The rebound broke a six-month downtrend for the stock, which remains down roughly 23% year-to-date from 2025 highs near $207. Despite the pullback, Palantir maintains a market capitalization exceeding $340 billion, reflecting sustained investor interest in its AI-powered platforms even as valuations draw scrutiny.
Analysts largely maintain a Moderate Buy consensus on Palantir. Across 31 Wall Street firms, the average 12-month price target sits near $190, implying roughly 30% upside from current levels. Targets range from a low of $70 to a high of $255, highlighting divided opinions on whether the premium valuation is justified by growth prospects.
Palantir reported strong first-quarter 2026 results, with revenue of $1.63 billion beating expectations and adjusted earnings per share of $0.33 surpassing forecasts. The company raised full-year guidance, projecting revenue between $7.18 billion and $7.20 billion, driven by accelerating commercial AI adoption and steady government contracts.
The company’s dual business model — serving both commercial enterprises and government agencies — has provided resilience. U.S. commercial revenue has grown rapidly, fueled by its Artificial Intelligence Platform (AIP) and ontology-based data integration tools. Key wins in sectors like healthcare, finance and manufacturing have expanded its customer base.
However, the stock trades at elevated multiples, with a price-to-earnings ratio exceeding 140x trailing earnings. Critics argue this valuation leaves little room for error if AI hype moderates or if customer retention falters. CEO Alex Karp has faced attention for ongoing share sales, though such activity is common among executives at high-growth firms.
Supporters highlight Palantir’s sticky platform and ability to command premium pricing for mission-critical AI deployments. Recent partnerships and expansions into new verticals have reinforced its competitive moat. Defense and intelligence contracts provide stable revenue, while commercial momentum signals broader market penetration.
For investors considering Palantir as a 2026 buy, the bull case rests on continued AI infrastructure spending. If the company executes on its pipeline and demonstrates strong retention rates, analysts see potential for significant upside. Some forecasts suggest the stock could approach $200–$240 by year-end under optimistic scenarios.
Risks remain substantial. Palantir faces intense competition from larger cloud providers and specialized AI firms. Macroeconomic uncertainty, potential government budget shifts and execution challenges in scaling commercial sales could pressure results. The high valuation amplifies downside if growth disappoints.
Longer-term, Palantir’s focus on agentic AI and enterprise data platforms positions it at the center of digital transformation. The company’s ability to integrate complex data environments gives it an edge in high-stakes applications where accuracy and governance matter.

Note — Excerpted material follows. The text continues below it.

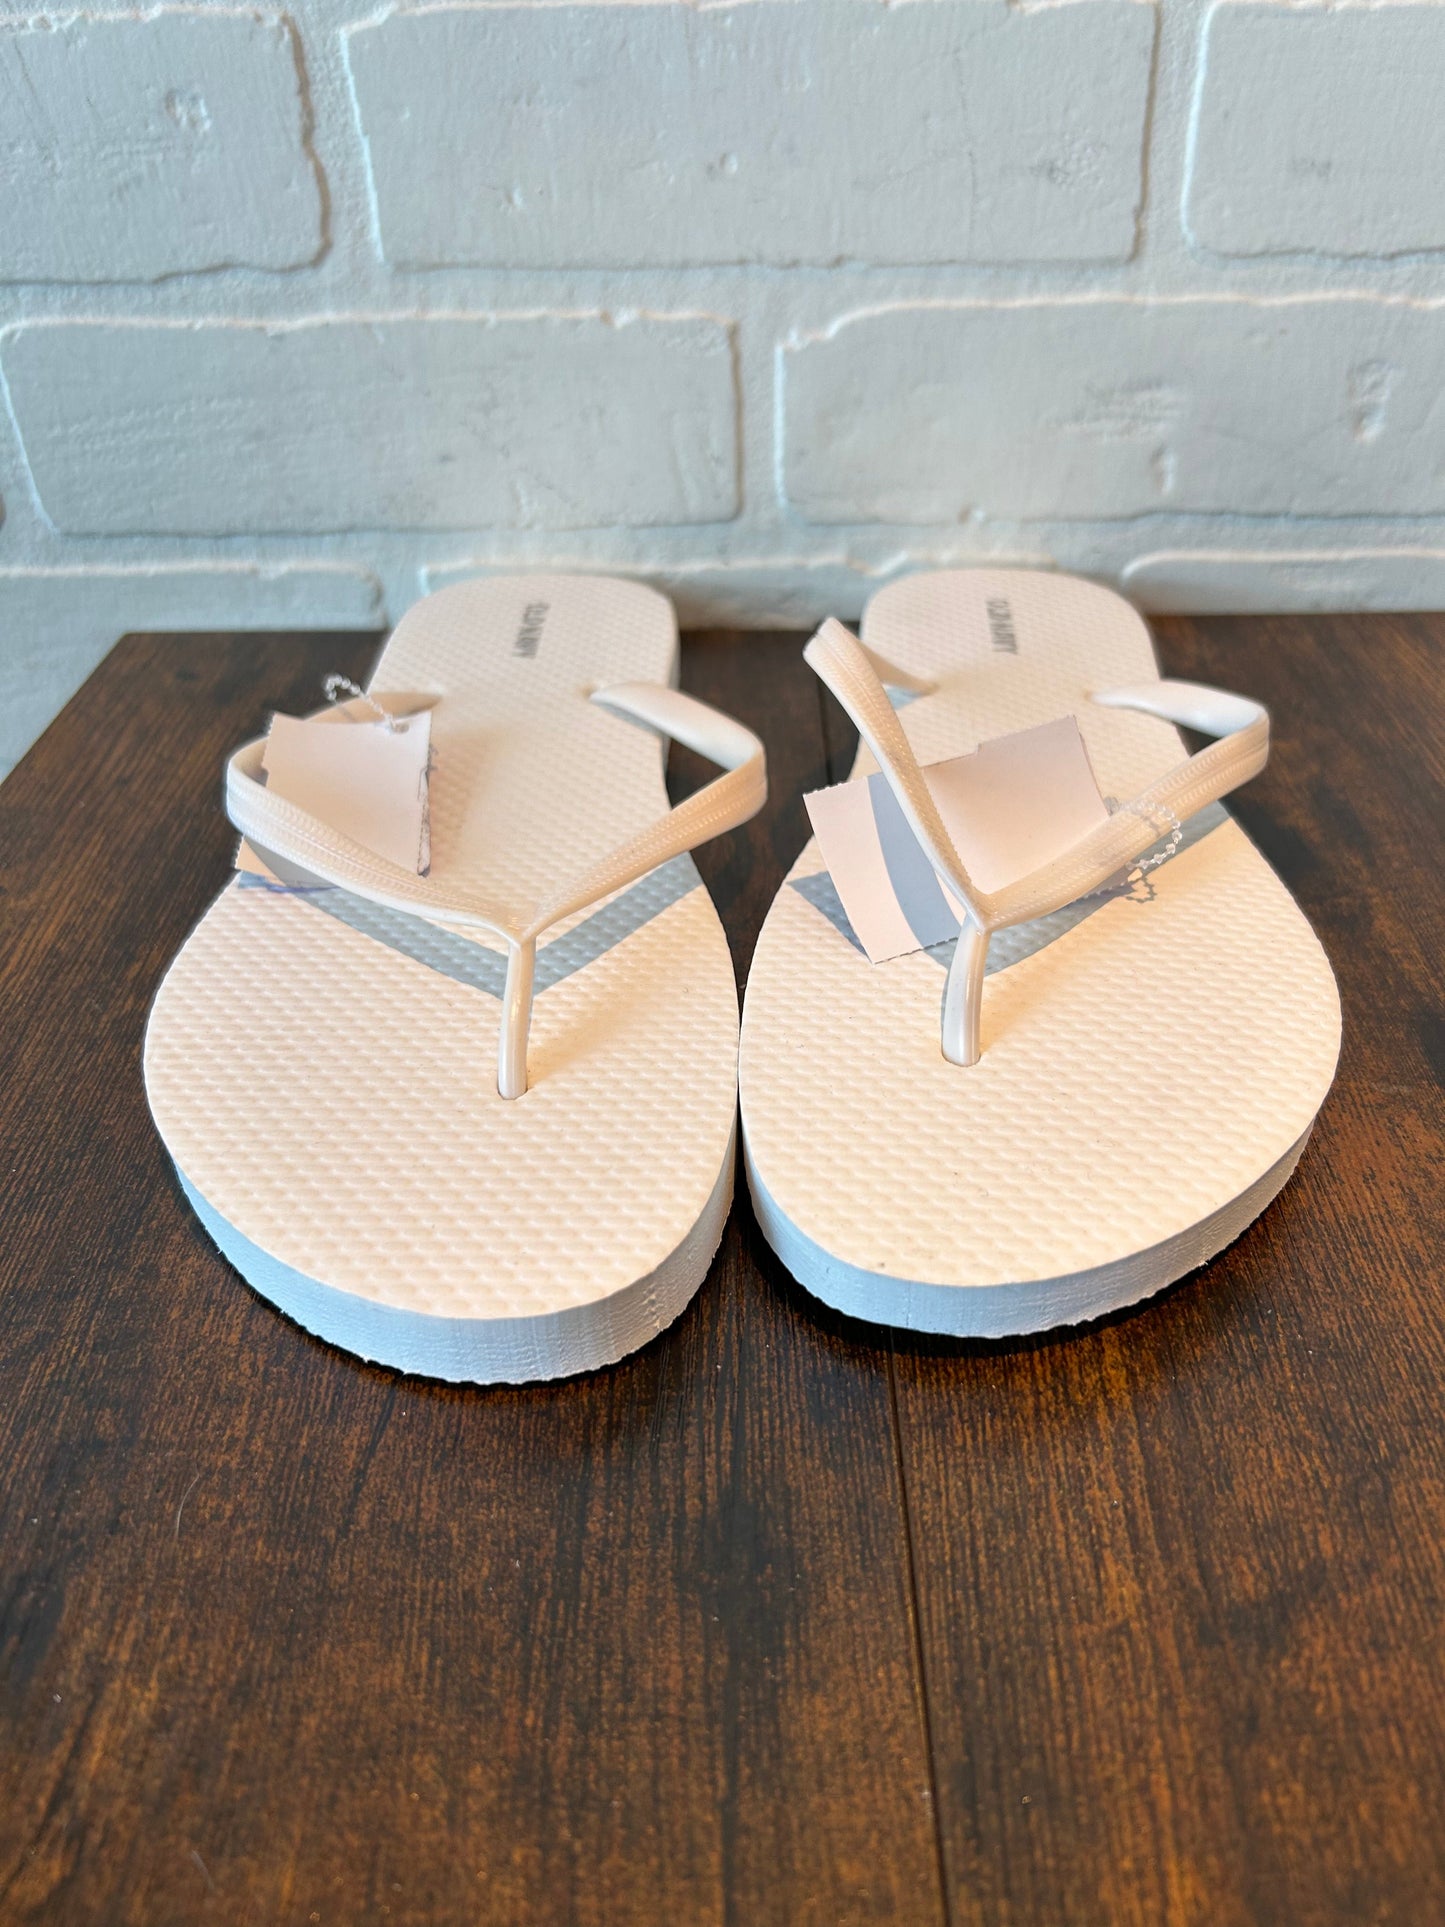 White Sandals Flip Flops H&m, Size 10
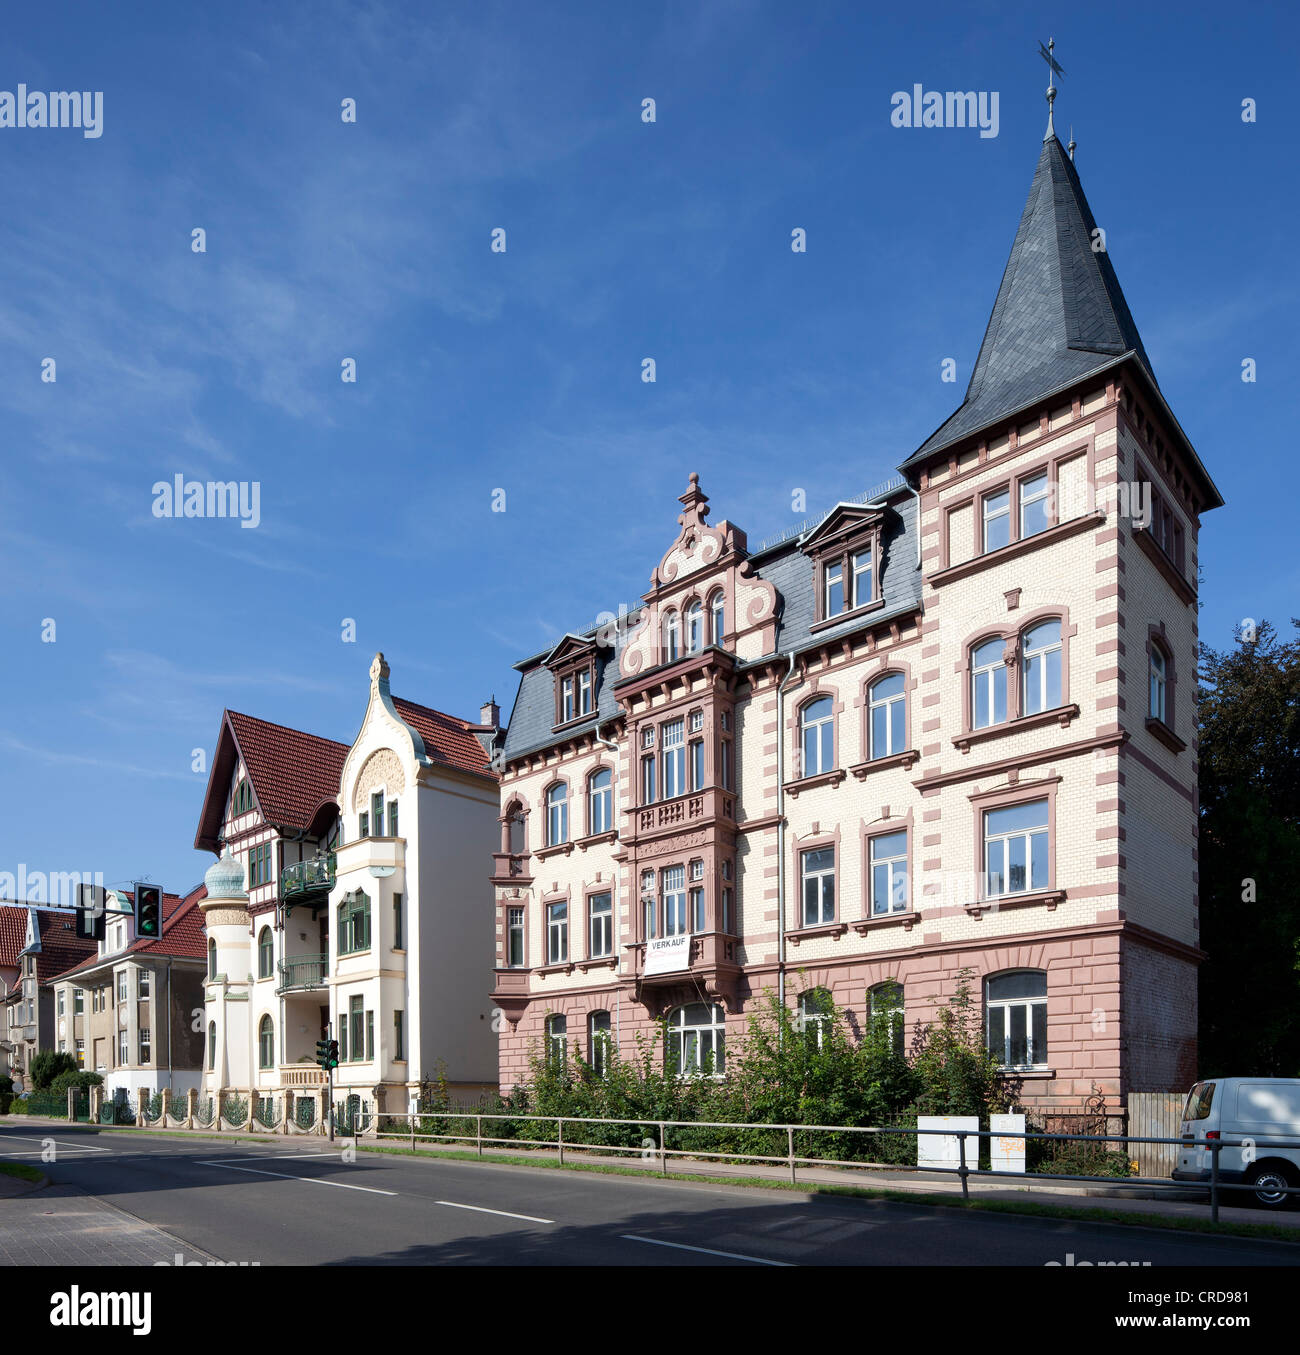 Townhouse, Gruenderzeit period, Eisenach, Thuringia, Germany, Europe, PublicGround Stock Photo

Institutional ownership remains solid, though retail enthusiasm has cooled from earlier meme-stock-like fervor. Options activity shows mixed sentiment, with some traders betting on continued volatility around earnings and major contract announcements.
Palantir’s path in the second half of 2026 will likely hinge on quarterly execution and macroeconomic conditions. Next earnings in August will be closely watched for updates on commercial deal velocity and margin trends.
Investors weighing a buy decision should consider portfolio allocation. Palantir suits growth-oriented portfolios with tolerance for volatility, but conservative investors may prefer more established tech names with lower valuations.
The broader AI sector context remains supportive. Strong results from peers like Snowflake have lifted sentiment across software stocks, benefiting Palantir on sympathetic trading days. However, concerns over AI capital expenditure sustainability persist.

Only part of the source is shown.